═══ Source material ═══

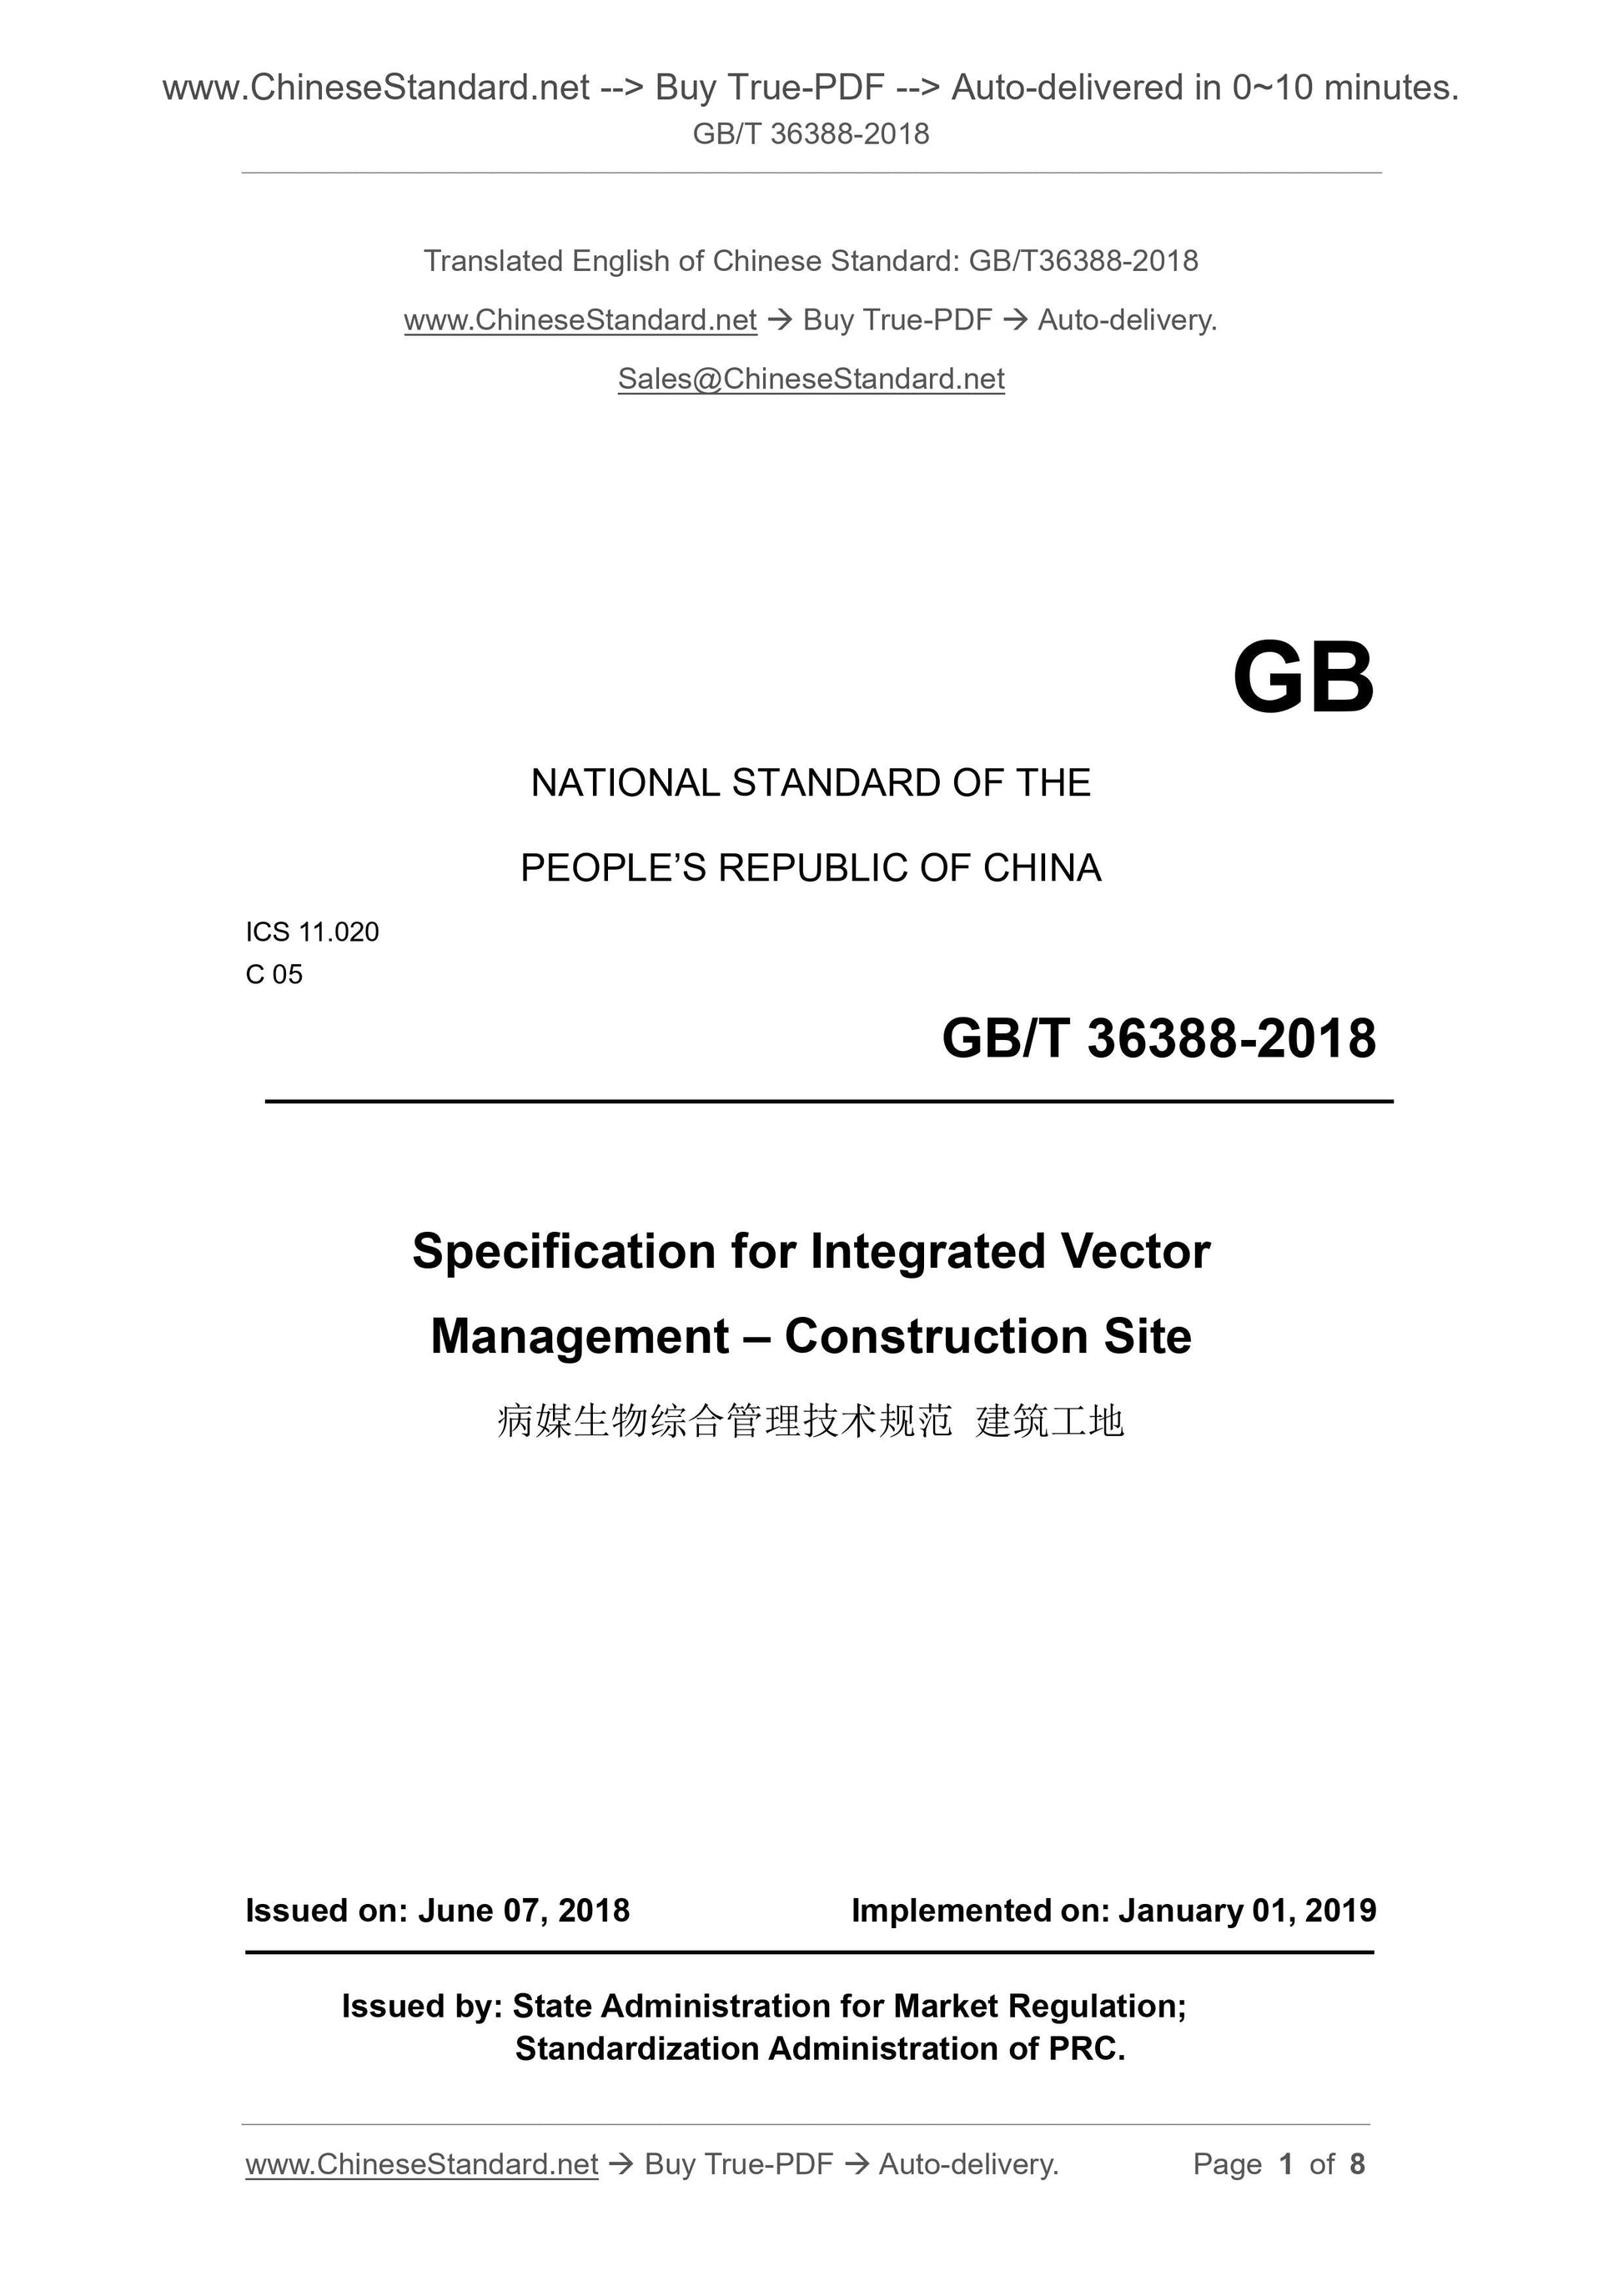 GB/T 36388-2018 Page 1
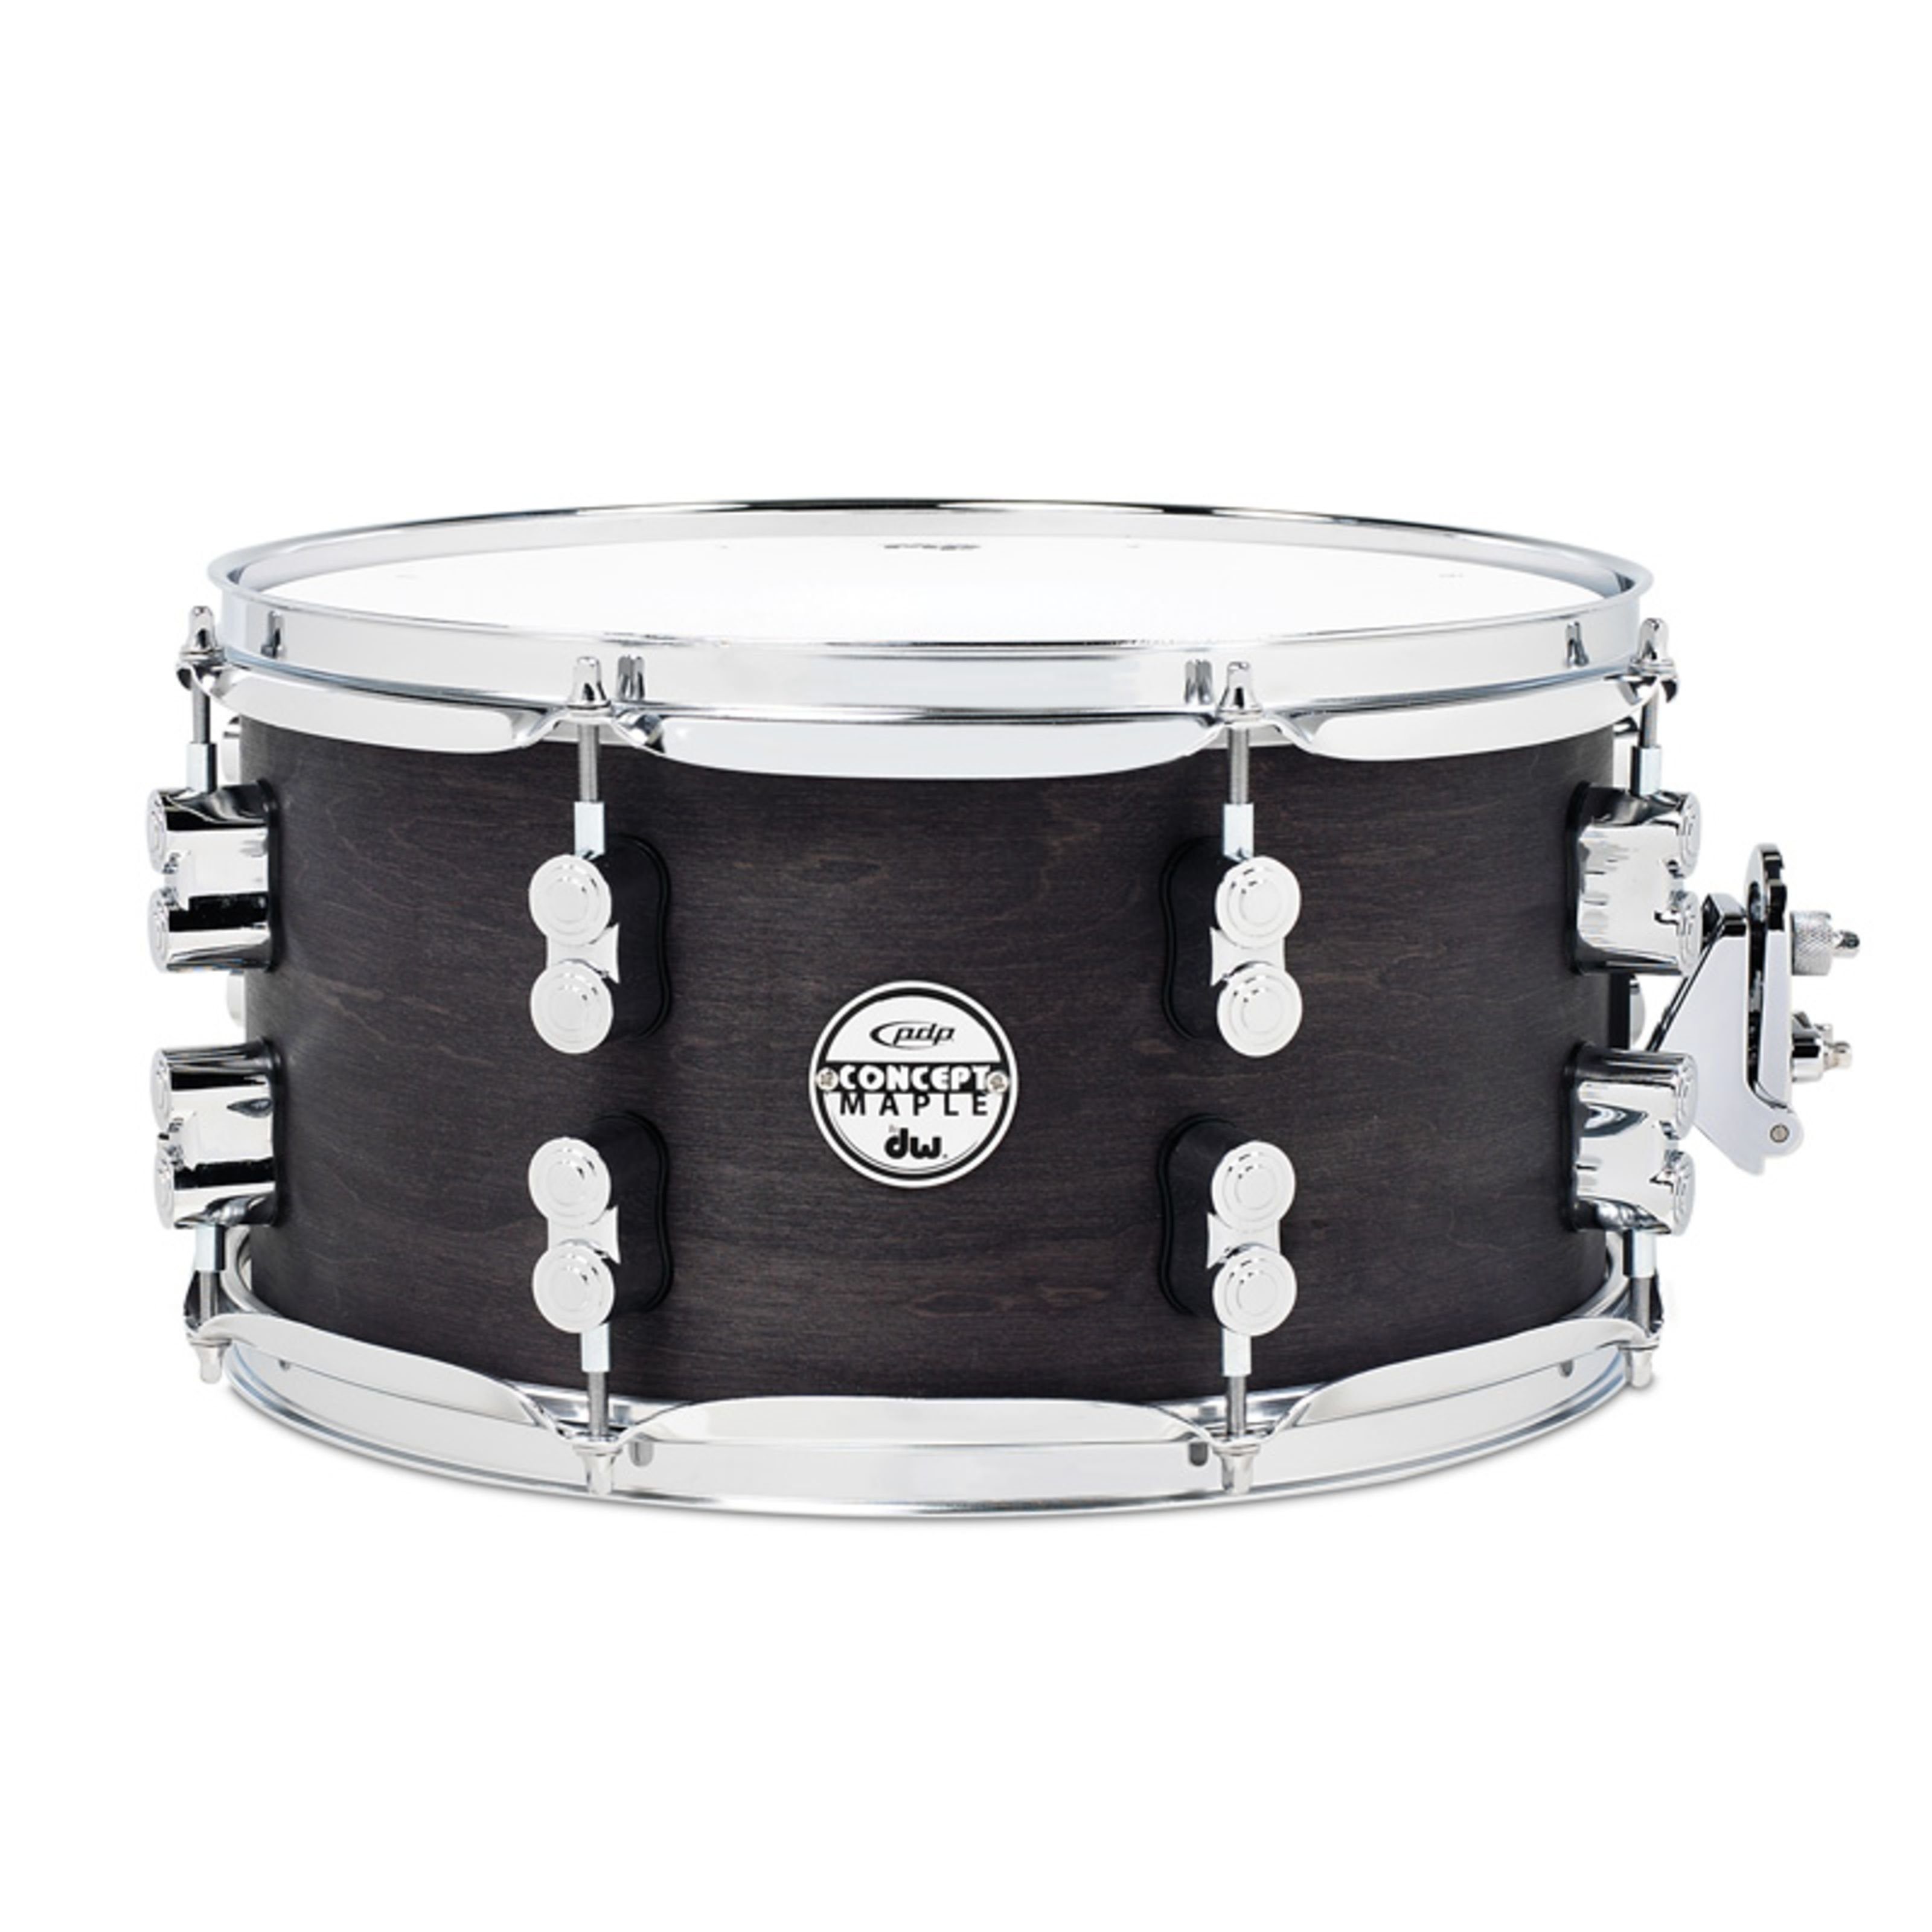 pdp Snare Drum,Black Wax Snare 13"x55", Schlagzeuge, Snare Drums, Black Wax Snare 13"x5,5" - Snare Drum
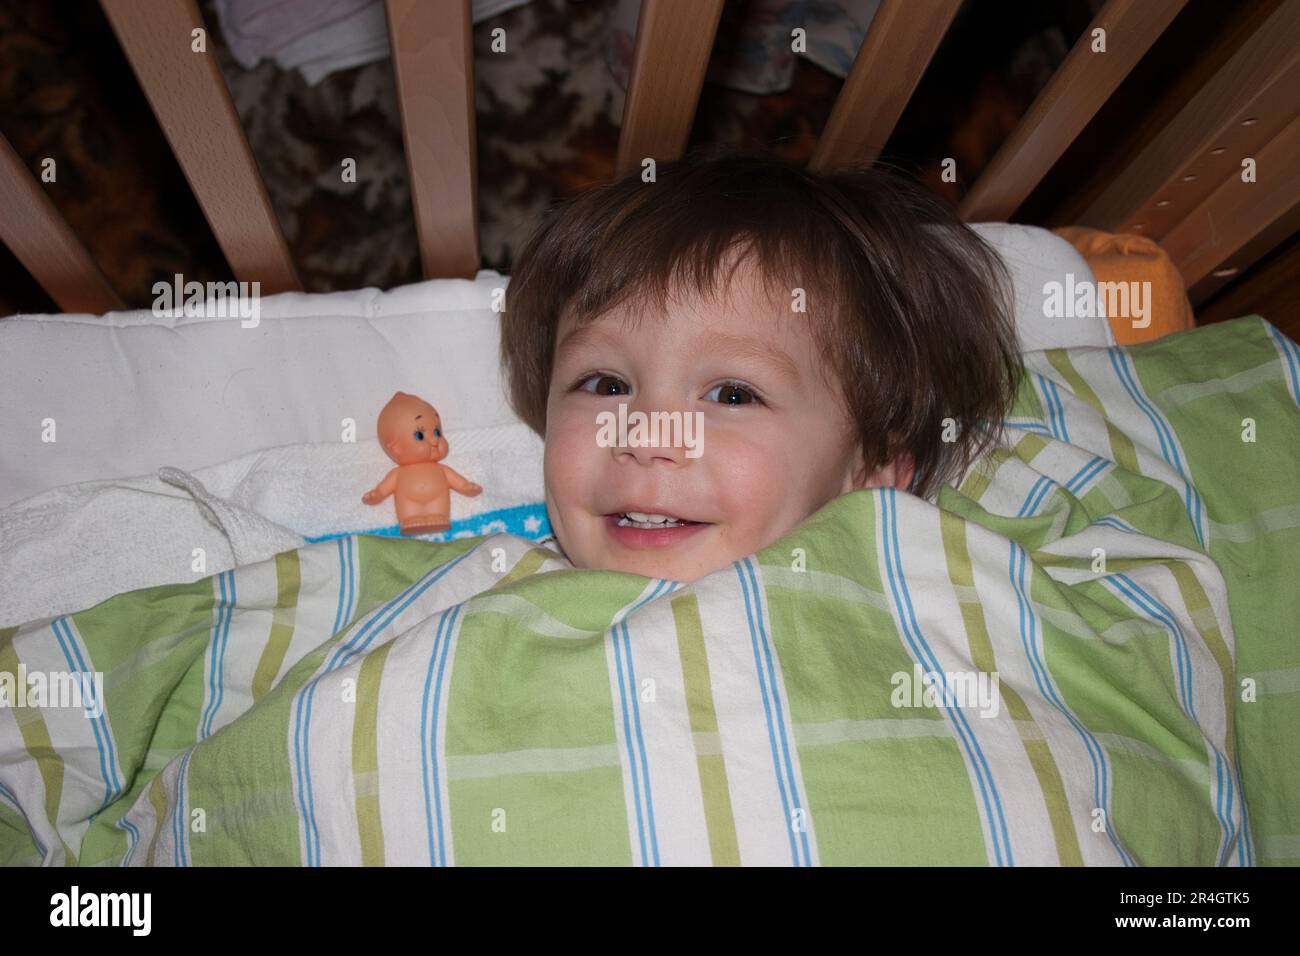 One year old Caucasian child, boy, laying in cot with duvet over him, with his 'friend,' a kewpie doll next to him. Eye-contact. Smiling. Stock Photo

═══

Task to complete: From the material above, output every line exactly as written, dropping any picture.

Reply to the exercise:
 GB/T 36388-2018 Page 1
 pdp Snare Drum,Black Wax Snare 13"x55", Schlagzeuge, Snare Drums, Black Wax Snare 13"x5,5" - Snare Drum
 One year old Caucasian child, boy, laying in cot with duvet over him, with his 'friend,' a kewpie doll next to him. Eye-contact. Smiling. Stock Photo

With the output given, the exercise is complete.